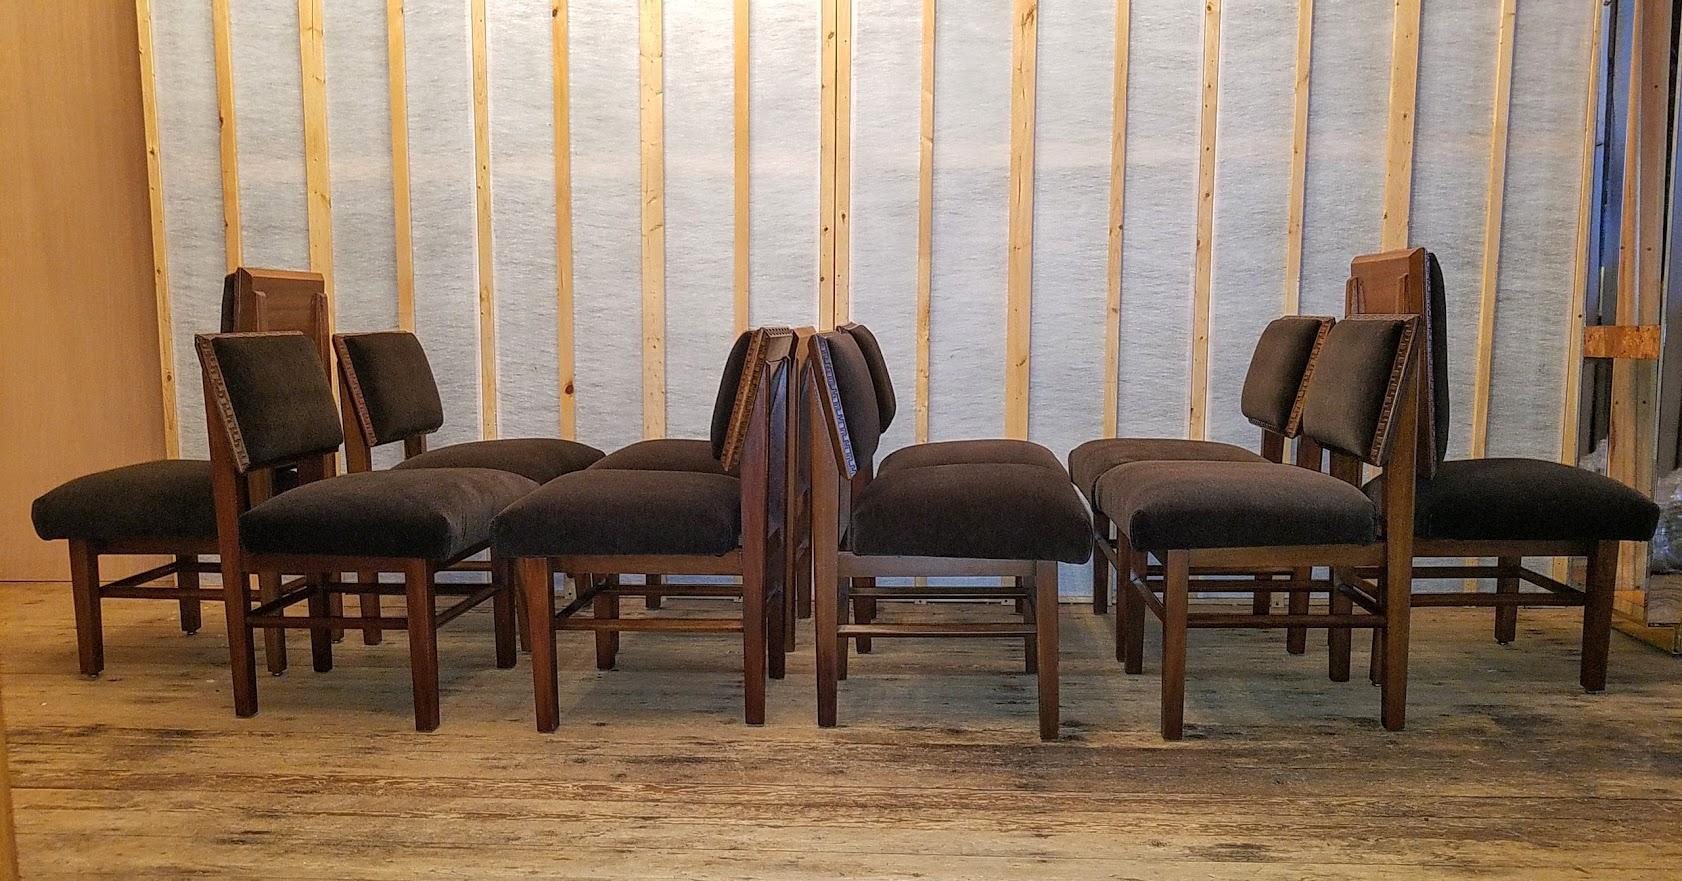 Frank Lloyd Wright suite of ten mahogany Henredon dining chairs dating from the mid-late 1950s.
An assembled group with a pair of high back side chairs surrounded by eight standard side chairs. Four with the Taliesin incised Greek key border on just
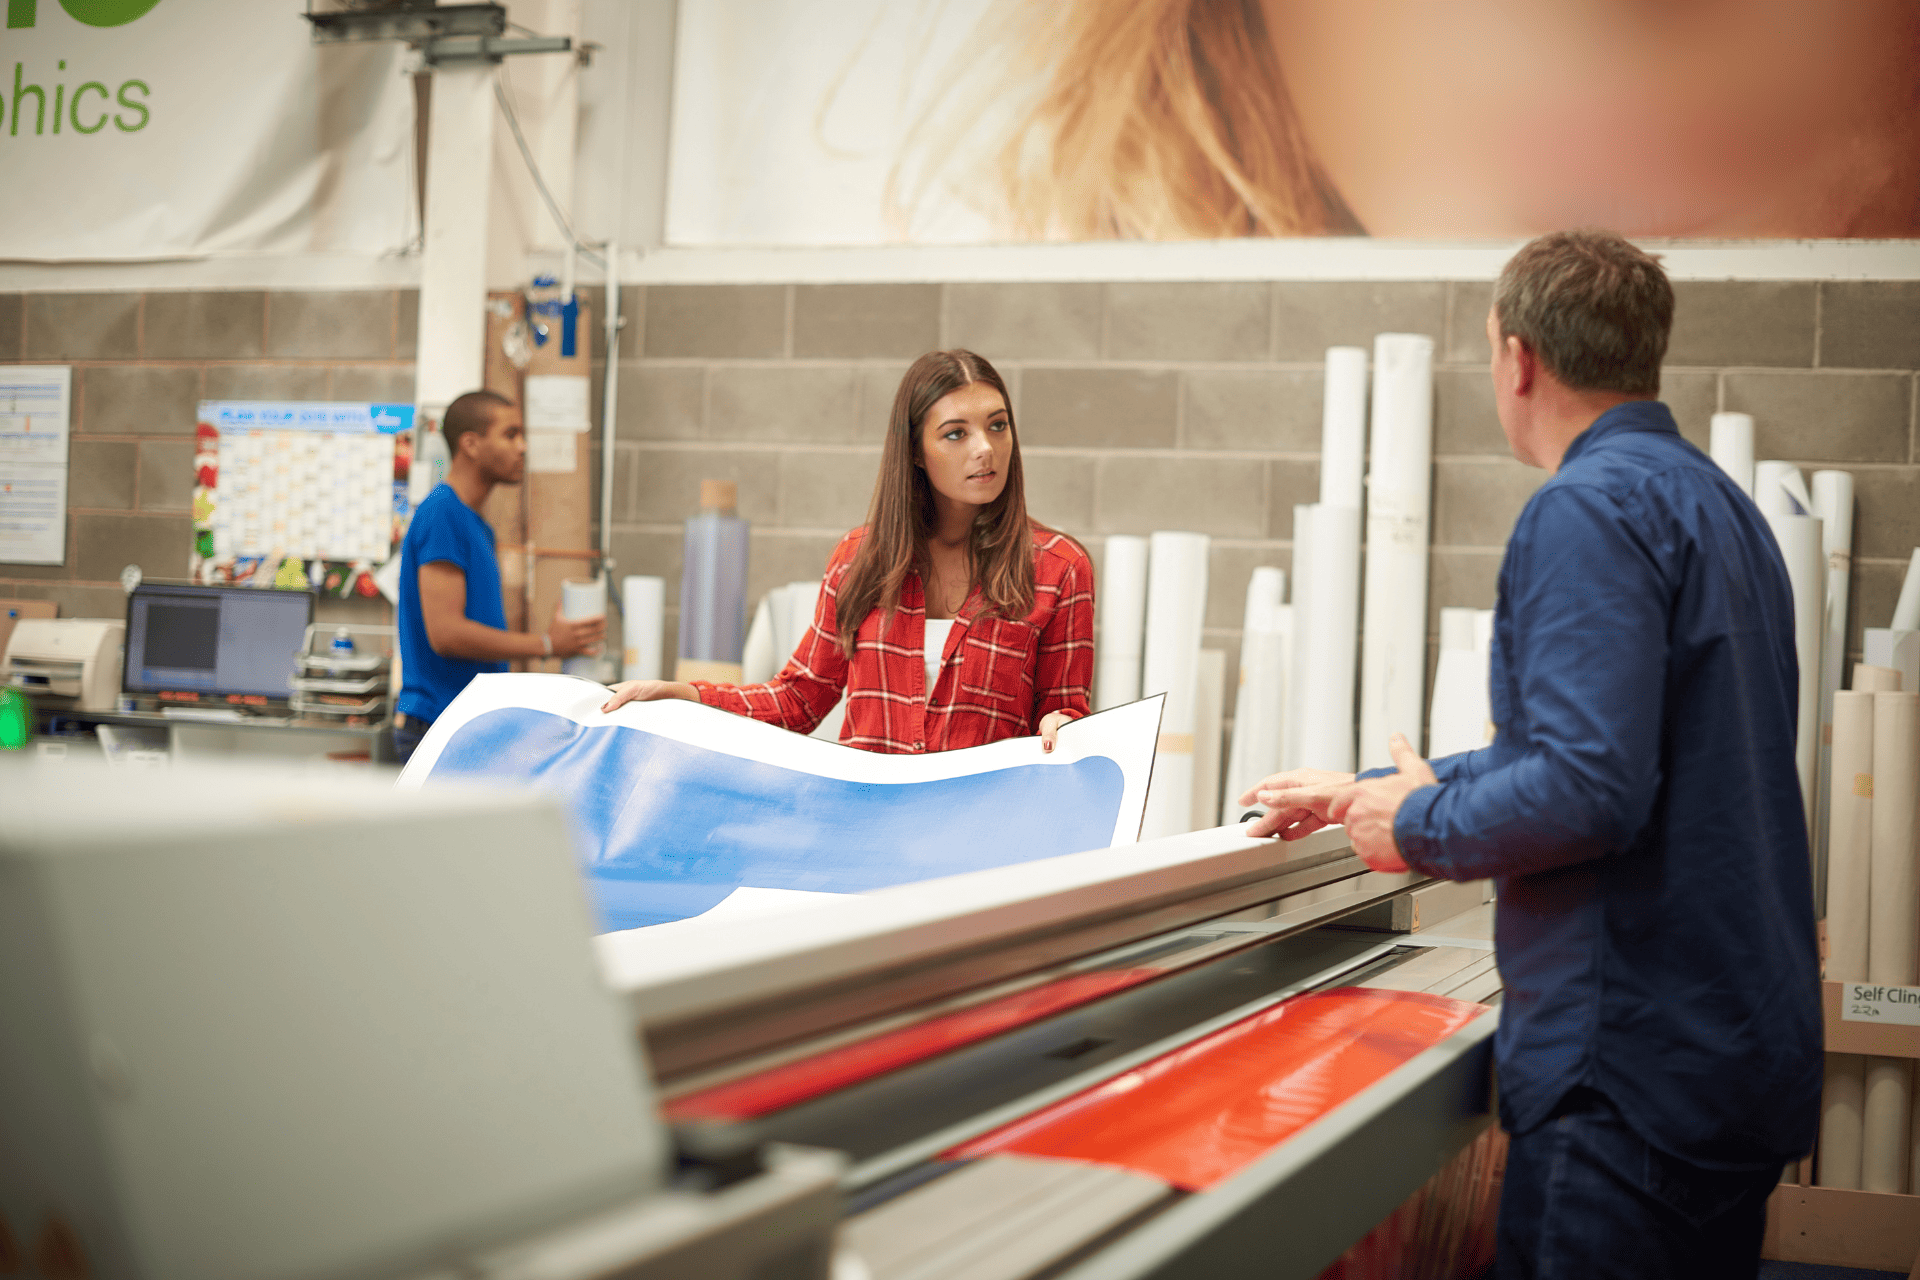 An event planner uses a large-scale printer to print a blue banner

● Exercise: Repeat the material above verbatim. Leave the pictures behind.

● Solution to the problem:
 Frank Lloyd Wright suite of ten mahogany Henredon dining chairs dating from the mid-late 1950s.
An assembled group with a pair of high back side chairs surrounded by eight standard side chairs. Four with the Taliesin incised Greek key border on just
 An event planner uses a large-scale printer to print a blue banner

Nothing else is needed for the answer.